# P 22 Holster



## pdsniper (Apr 11, 2017)

What Do you guys think this was my first try built it for a member on this site for his Ruger SR 22 to wear in his boat while fishing for shooting snakes, I angled it back so it would not push up and into his side while in a seated position, think I'm going to have to make one now for my P 22 Walther  they seem to have the same basic foot print


----------



## smokey30725 (Apr 11, 2017)

Nice work!


----------



## Capt Quirk (Apr 11, 2017)

That actually came out very nice for a first! Good job Sir!


----------



## pdsniper (Apr 11, 2017)

yea I get lucky every once in a while, it was a sweet little rig, I guess practice makes perfect lol


----------



## mudcreek (Apr 16, 2017)

I think its a work of art, specially since its hanging on MY belt. Perfect stitching, perfect everything!


----------



## pdsniper (Apr 17, 2017)

Thanks Buddy I'm glad your happy with it and I hope you get many years of service out of it


----------



## hayseed_theology (Apr 17, 2017)

That's a sharp holster.


----------



## 4HAND (May 8, 2017)

Man that's a fine holster.


----------



## kmckinnie (May 8, 2017)

I have the same pistol.


----------



## SEGeorgia10mm (May 12, 2017)

Dang man that looks good.


----------



## tallen92 (Aug 29, 2017)

I've got to have one for mine! looked this weekend and couldn't find anything for the p22 i like.


----------



## tallen92 (Aug 29, 2017)

Also looking for one to fit a judge public defender (polymer)


----------



## Kowtown (Aug 30, 2017)

Nice work....

I like the way you have it canted for comfort while sitting...

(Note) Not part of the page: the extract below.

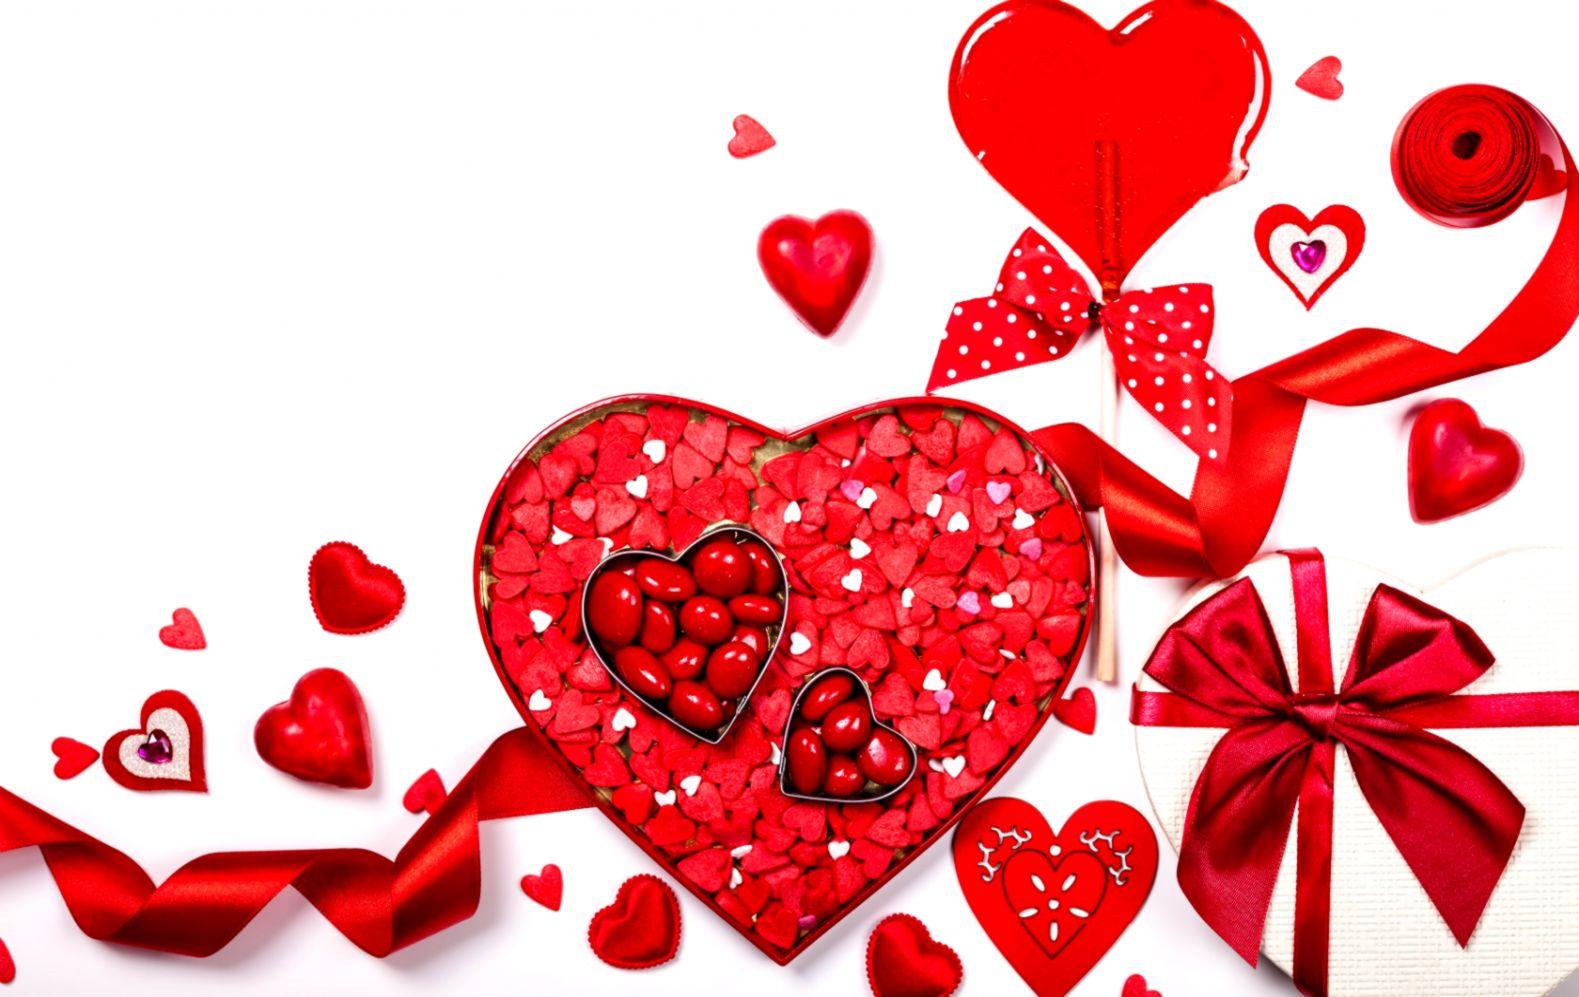 Red Roses Heart Love Hd Wallpaper Viva Wallpapers
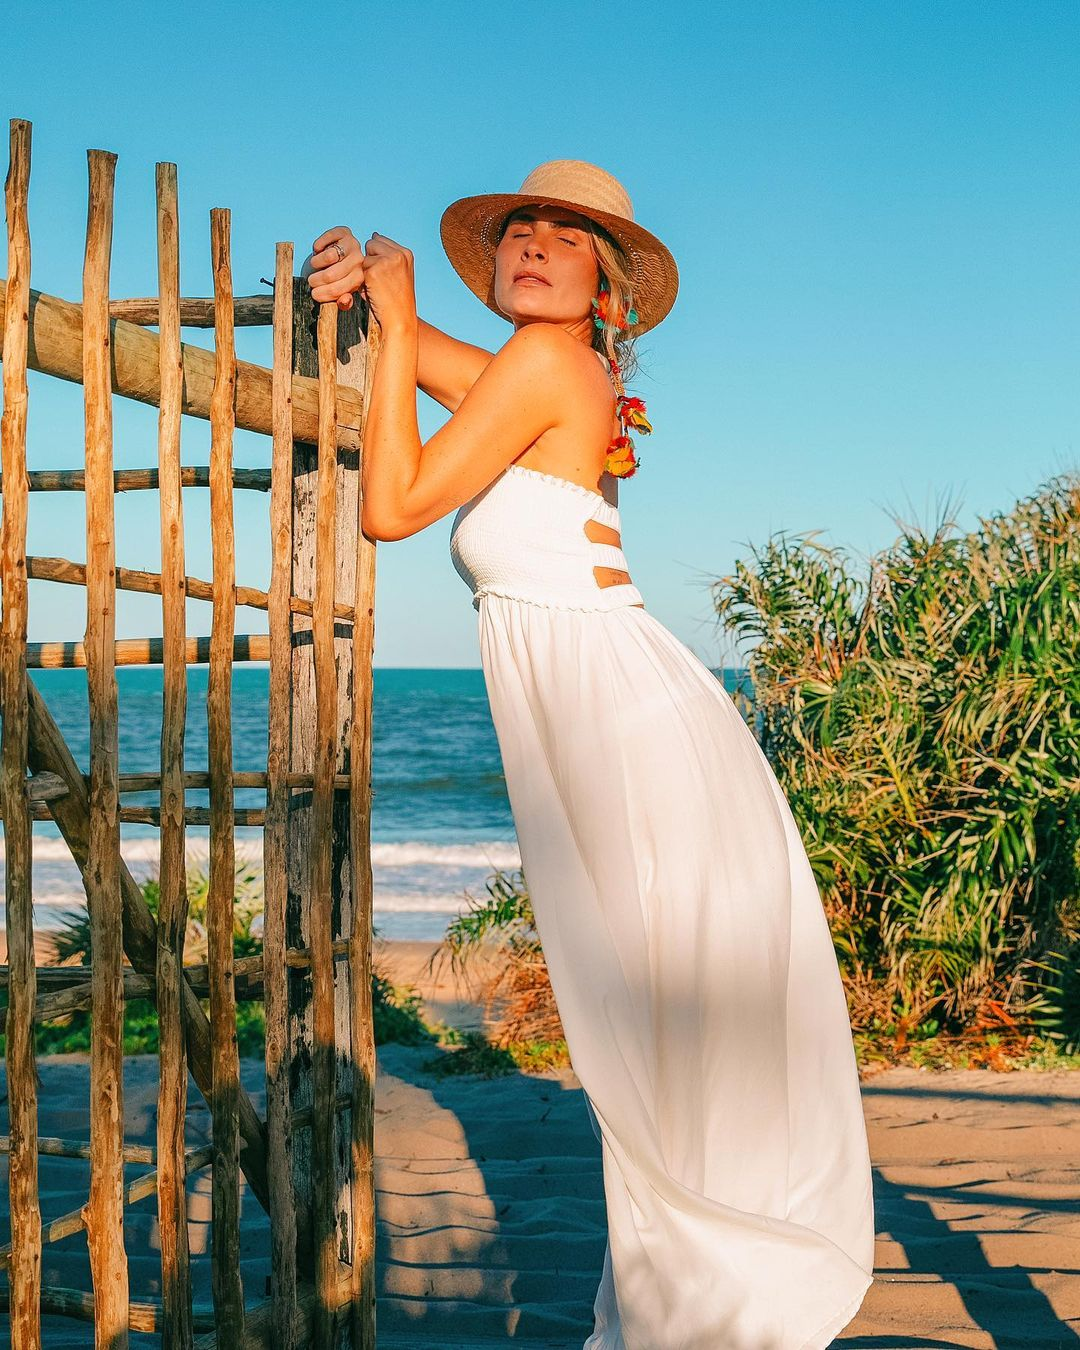 A atriz Julia Faria é apaixonada por vestidos longos. (Foto: Instagram/ @juliafaria)

Sitting is one of my best things...


----------



## mudcreek (Aug 30, 2017)

I am trying to catch up with pd sniper right now to order a holster for a taurus 94. This guy does great work. I have 3 of his holsters now!


----------



## pdsniper (Sep 1, 2017)

I just got back from Texas with my Airboat doing SAR work my Dep Chief and my rescue swimmer that crews with me on the boat who also is a police officer at my pd went with me out there its a huge mess out there any way I'm back for now so give me a call


----------



## mudcreek (Sep 1, 2017)

I will holler. I figgered that's where you were. Bless you


----------